YOUR GOAL. Give back the whole listing word for word and skip each picture.

AVAILABLE DATA.
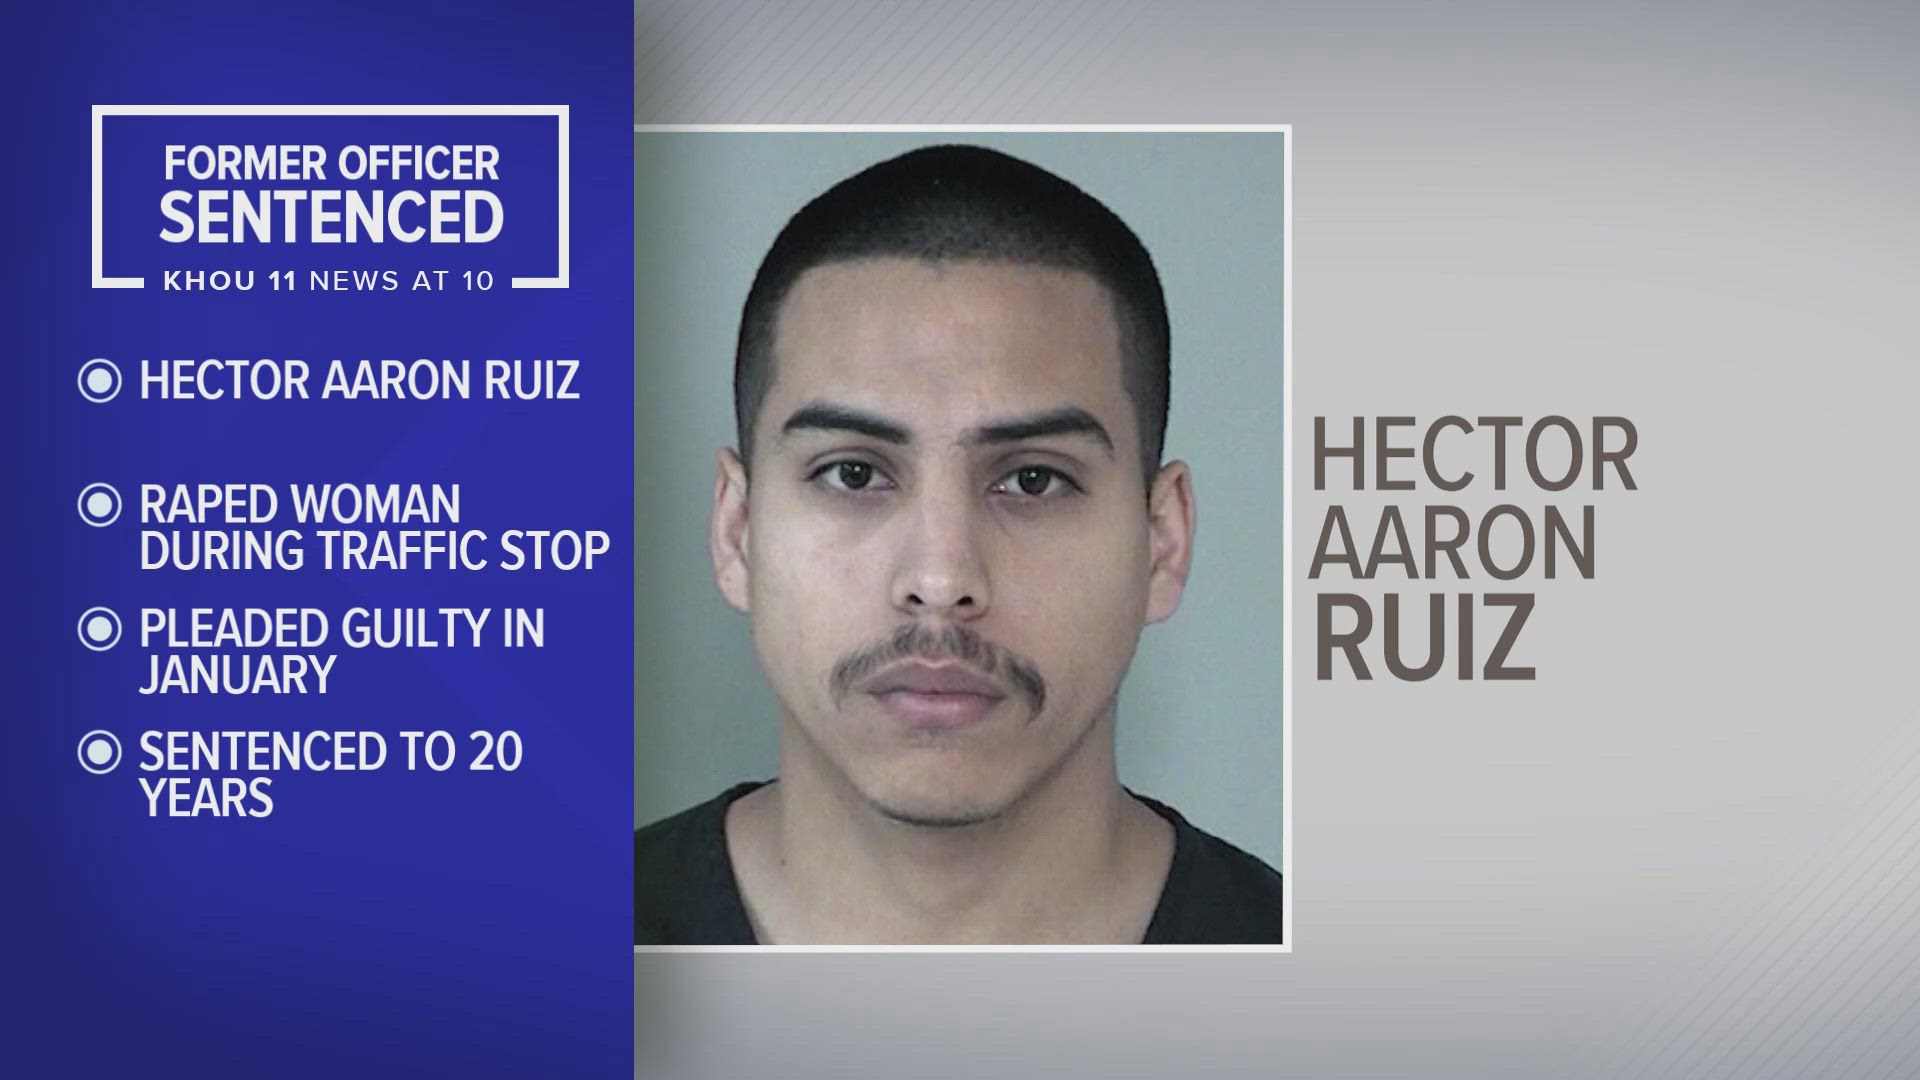 Hector Aaron Ruiz, 29, was sentenced to 20 years in federal prison for raping a woman during a traffic stop in 2019.
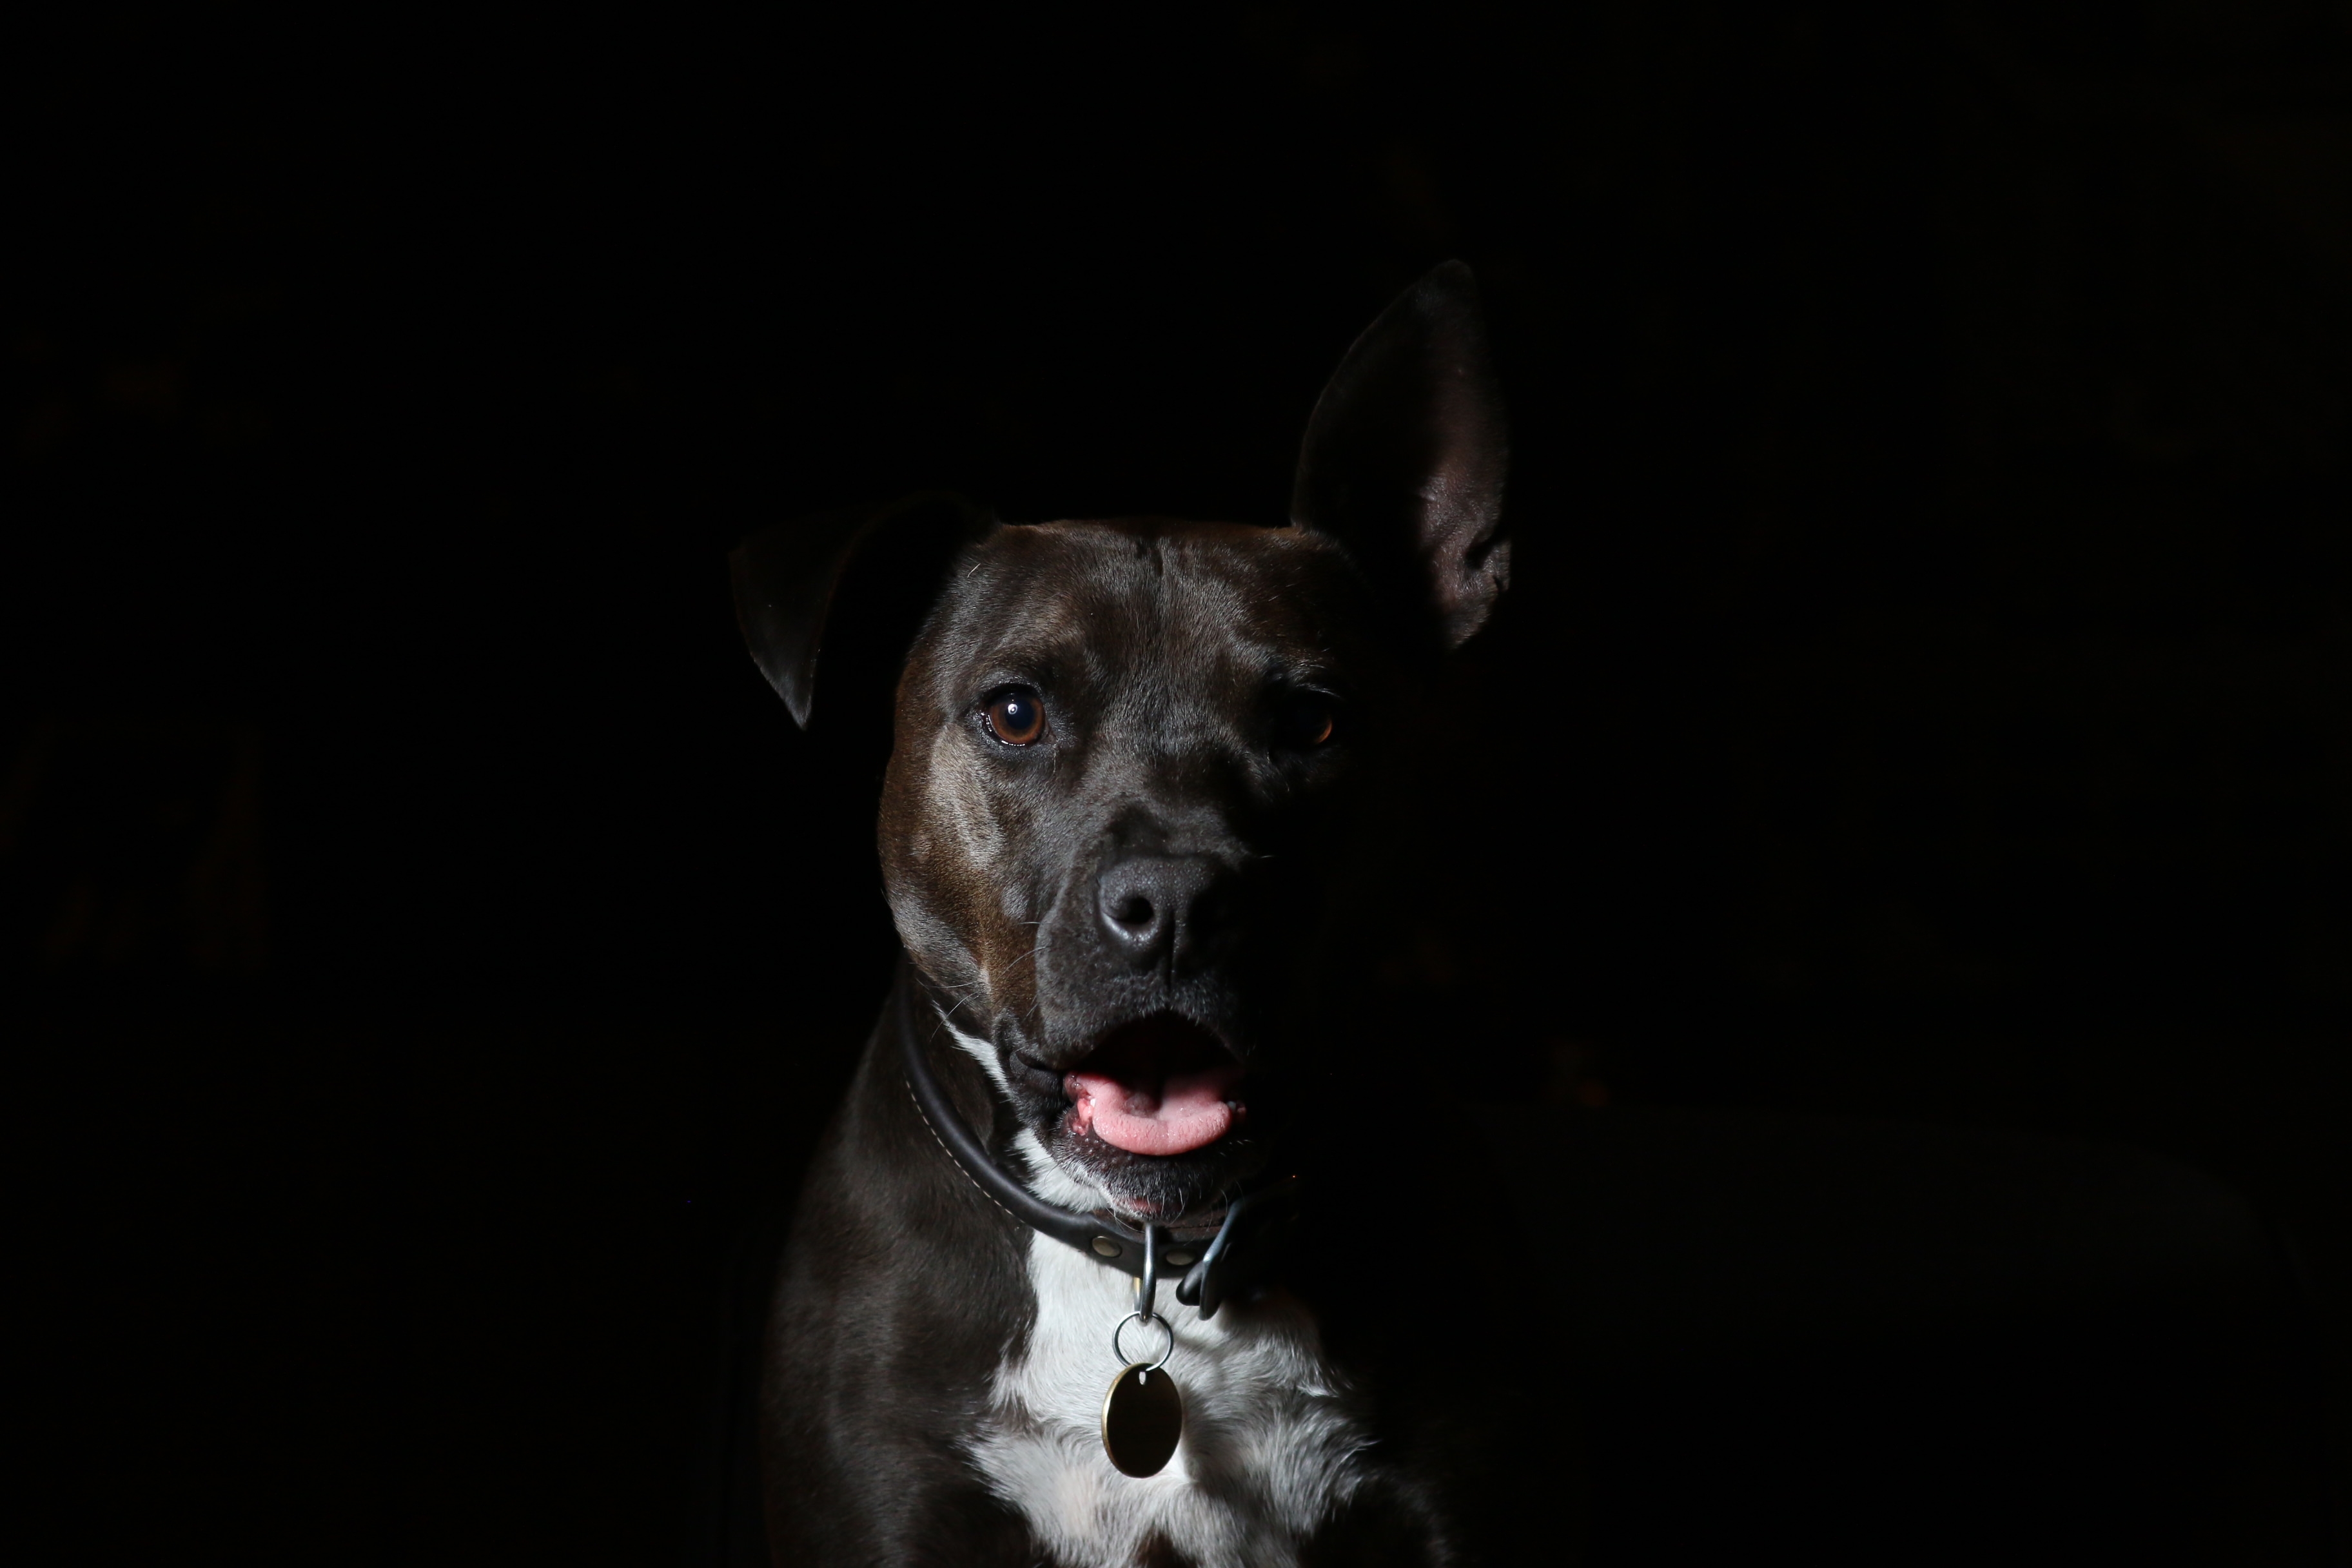 American Staffordshire Terrier on black background
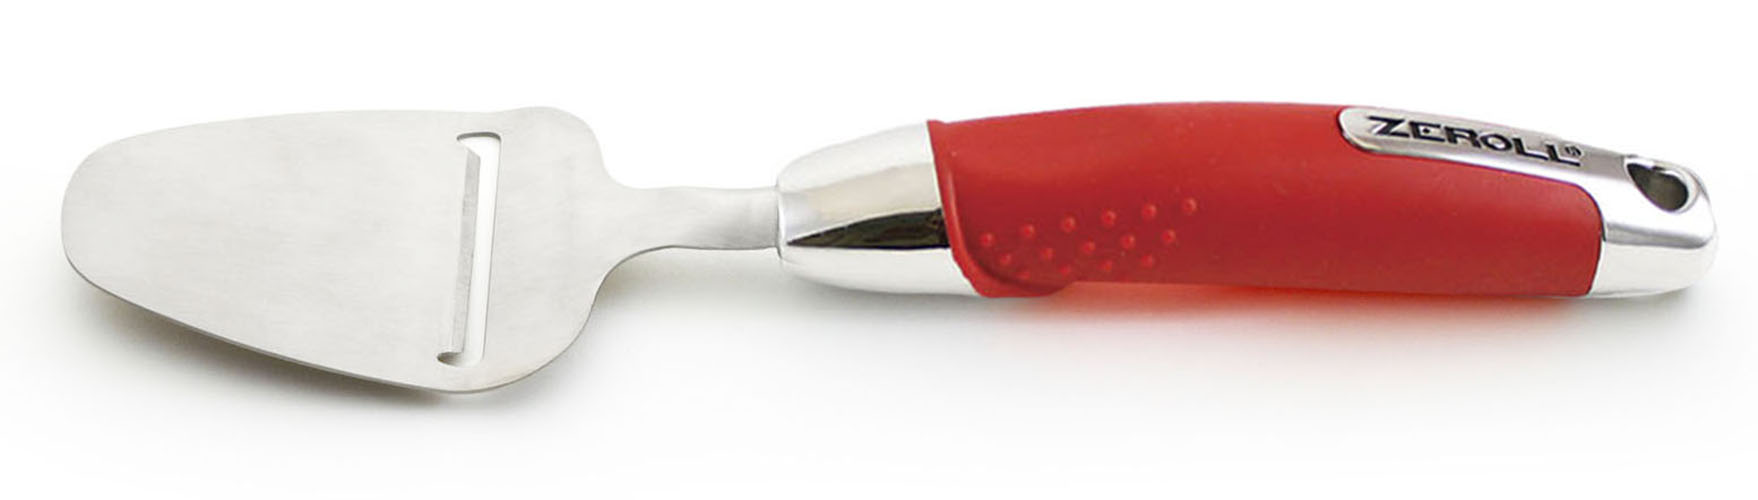 0845035008962 - USSENTIALS STAINLESS STEEL CHEESE PLANER - APPLE RED

ANSWER TO THIS PROBLEM.
 Hector Aaron Ruiz, 29, was sentenced to 20 years in federal prison for raping a woman during a traffic stop in 2019.
 American Staffordshire Terrier on black background
 0845035008962 - USSENTIALS STAINLESS STEEL CHEESE PLANER - APPLE RED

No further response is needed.